[DATA EXCERPT Boundary: Start]
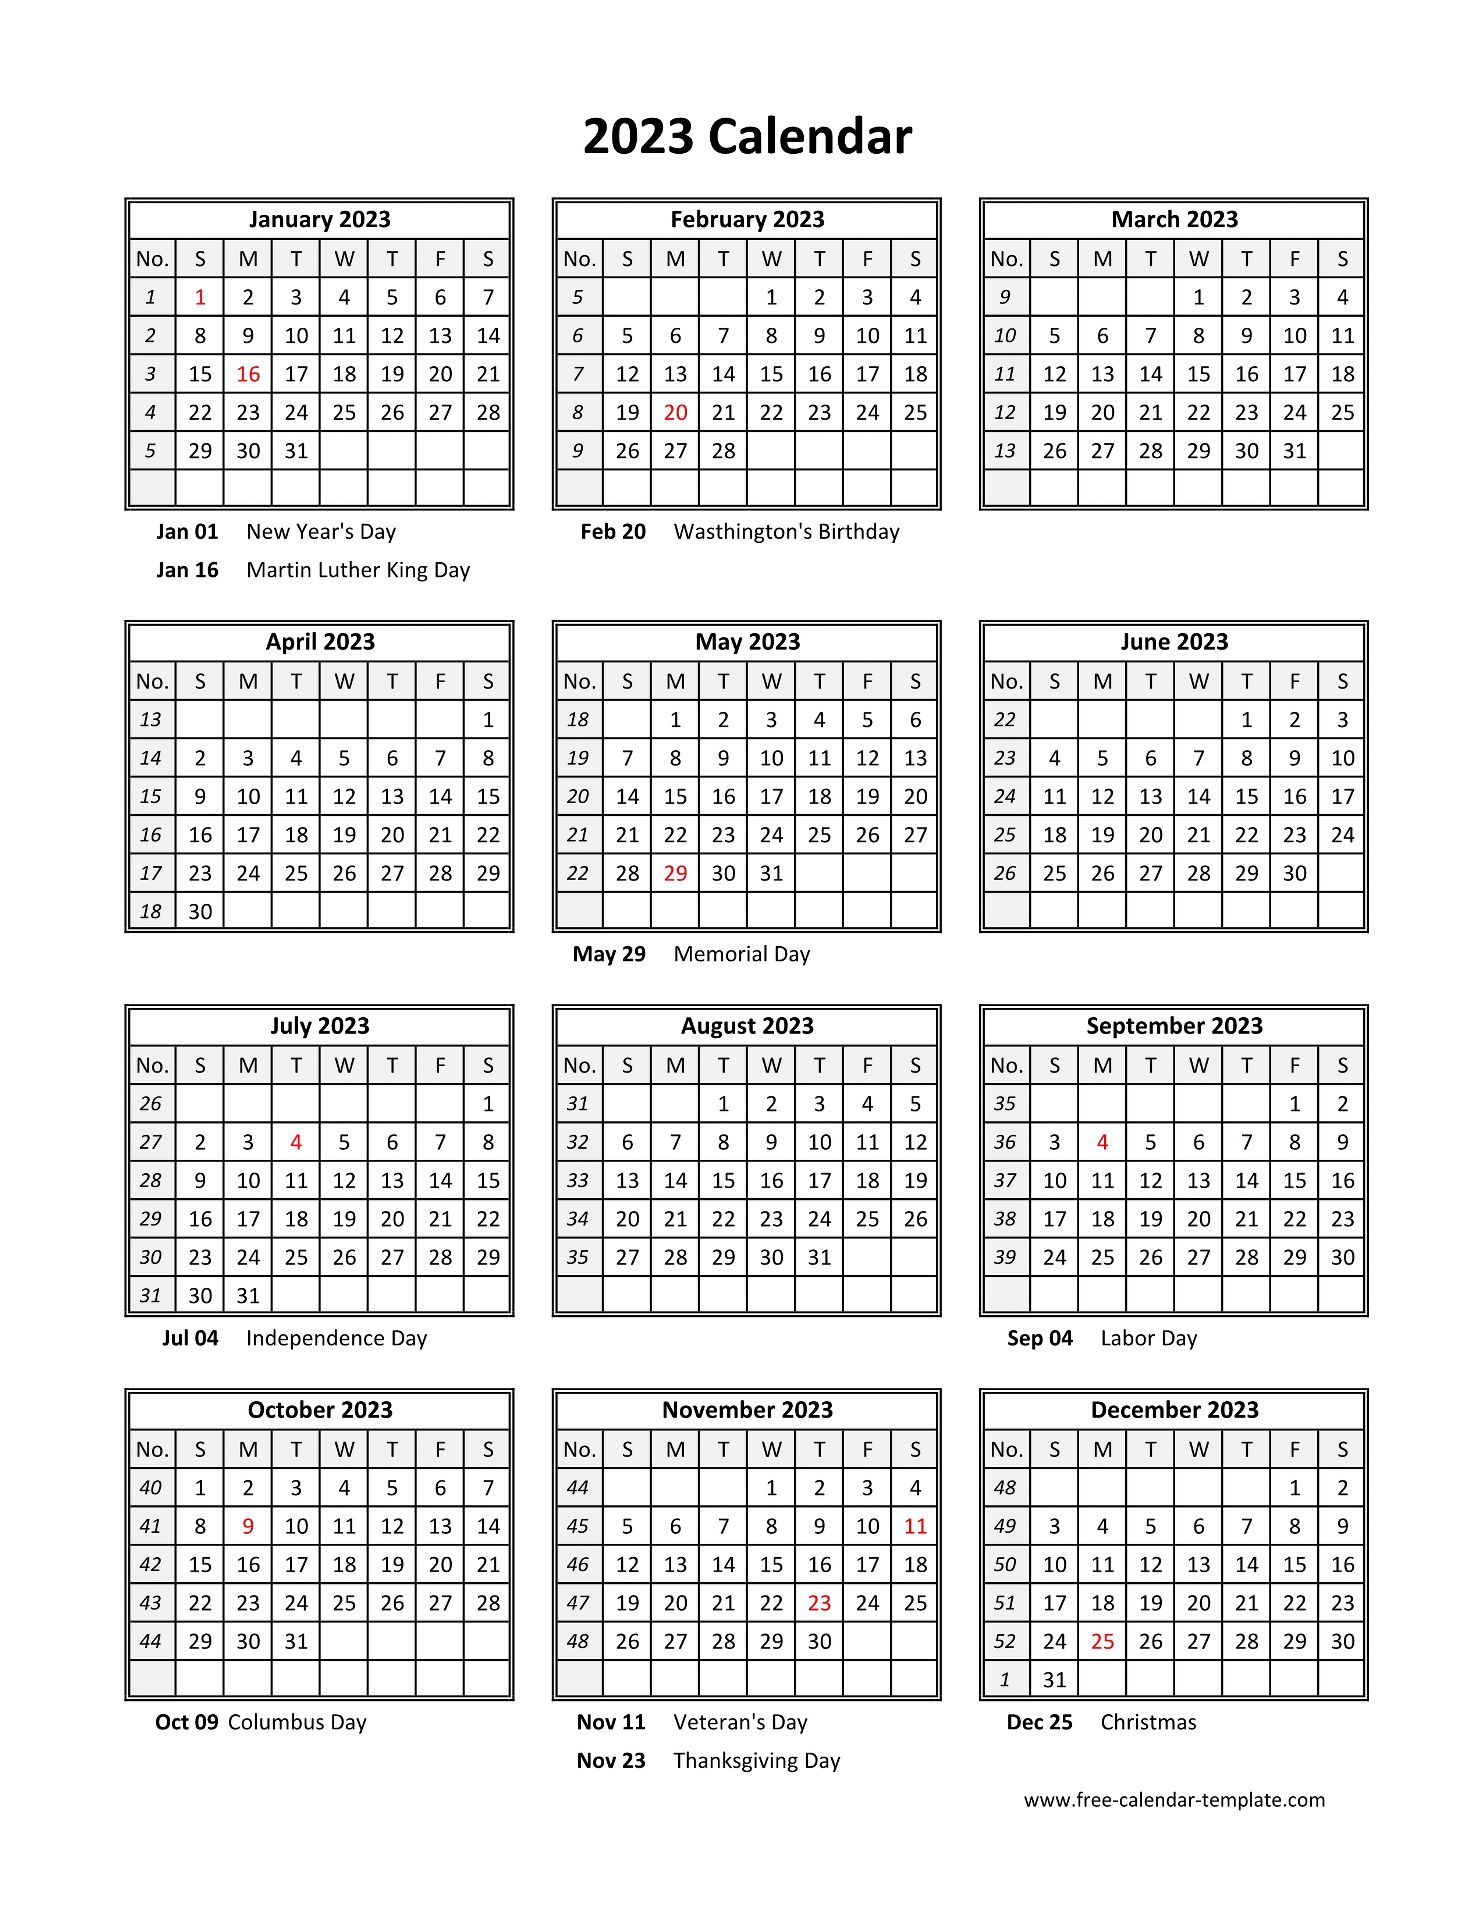 calendar-2023-pdf-free-download-with-holidays-get-calendar-2023-update
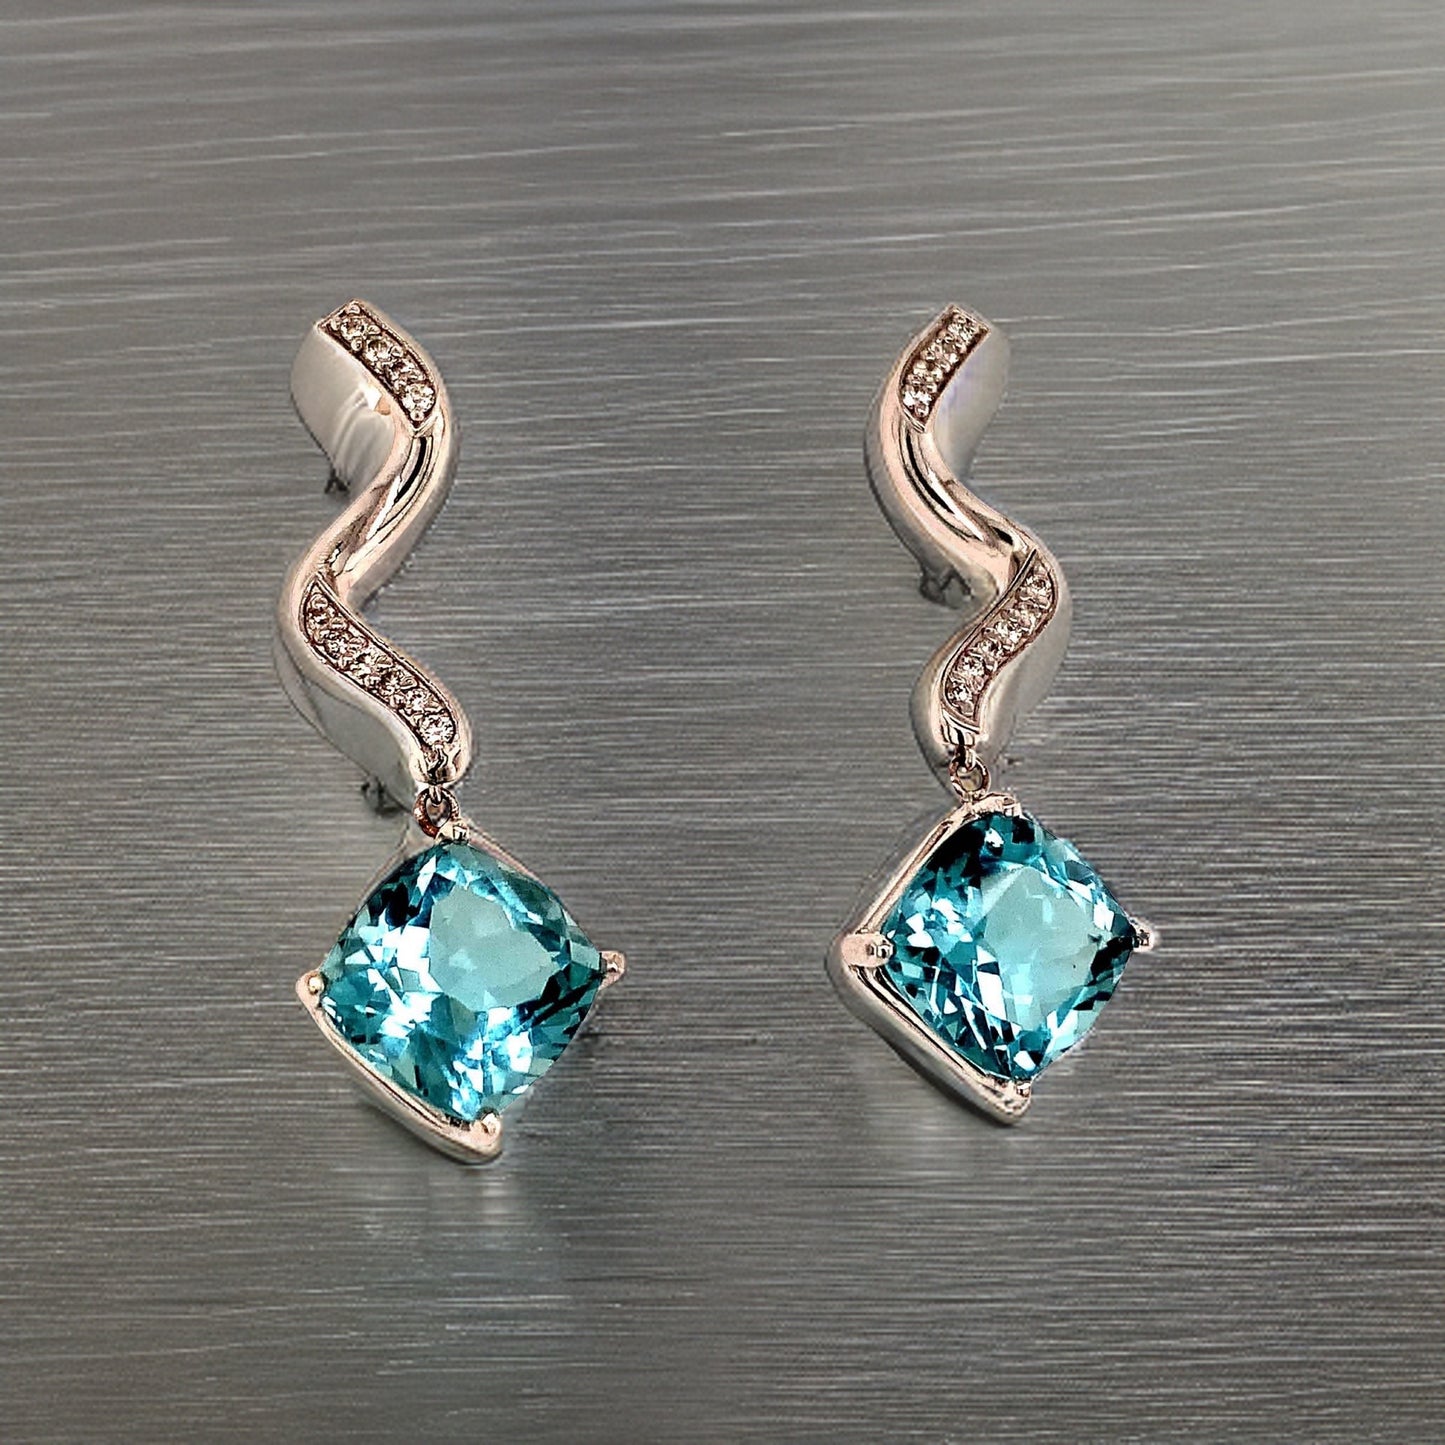 Natural Aquamarine Diamond Earrings 14k Gold 8.15 TCW Certified $4,950 111528
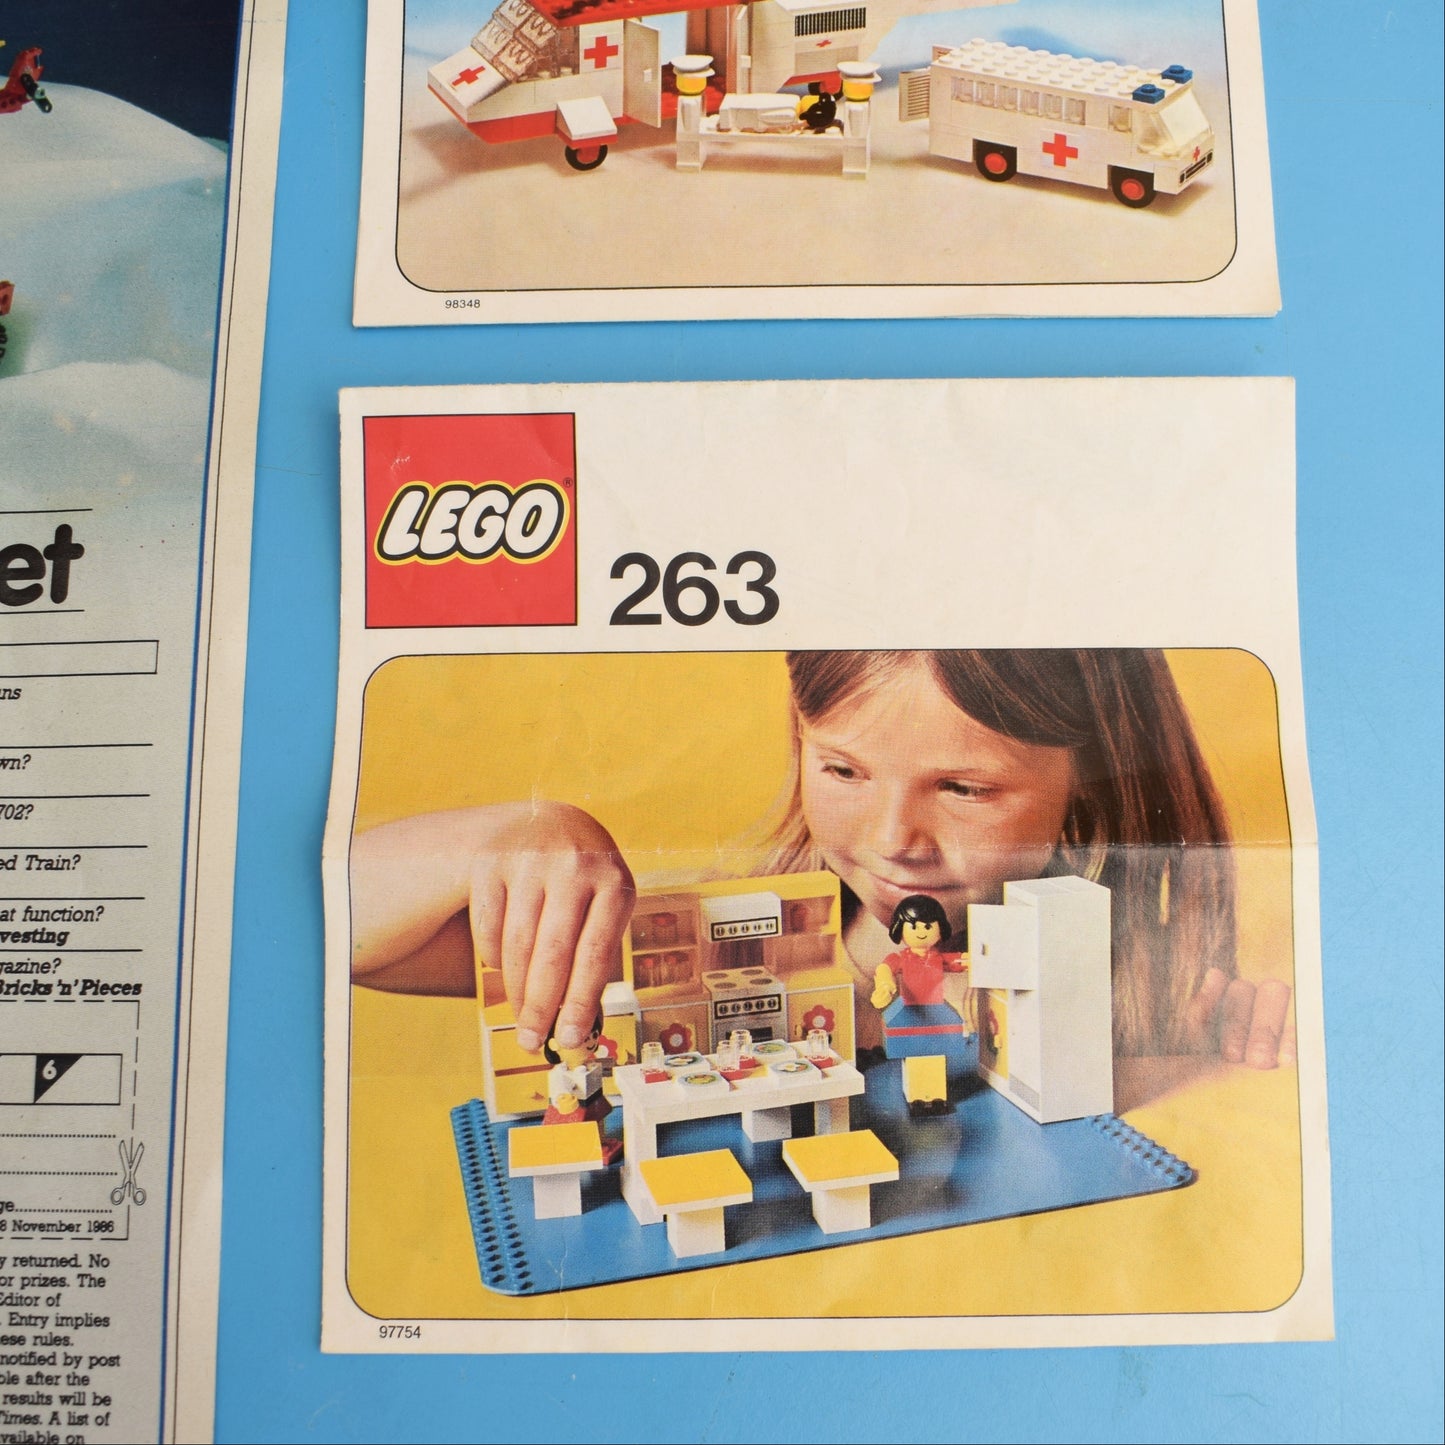 Vintage 1970s/ 80s Lego Advertising
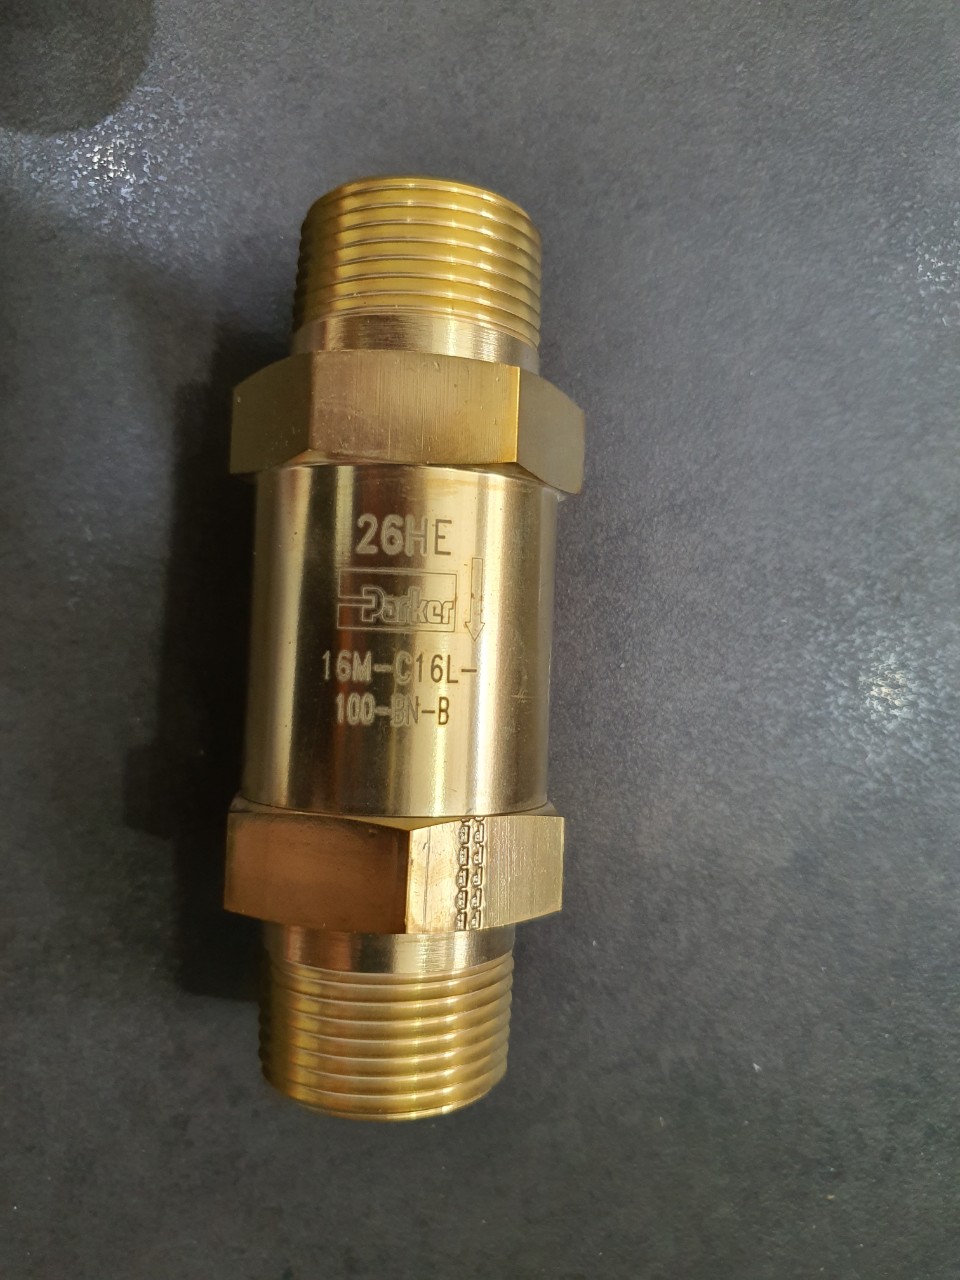 Check valve 16M-C16L-100-BN-B (1)
[DATA EXCERPT Boundary: End]
_ABOUT THIS TASK_: Leaving aside every picture, transcribe exactly the lines that run from the one with "Natural Aquamarine Diamond" to the close of the listing above.

_EXERCISE ANSWER_:
 Natural Aquamarine Diamond Earrings 14k Gold 8.15 TCW Certified $4,950 111528
 Vintage 1970s/ 80s Lego Advertising
 Check valve 16M-C16L-100-BN-B (1)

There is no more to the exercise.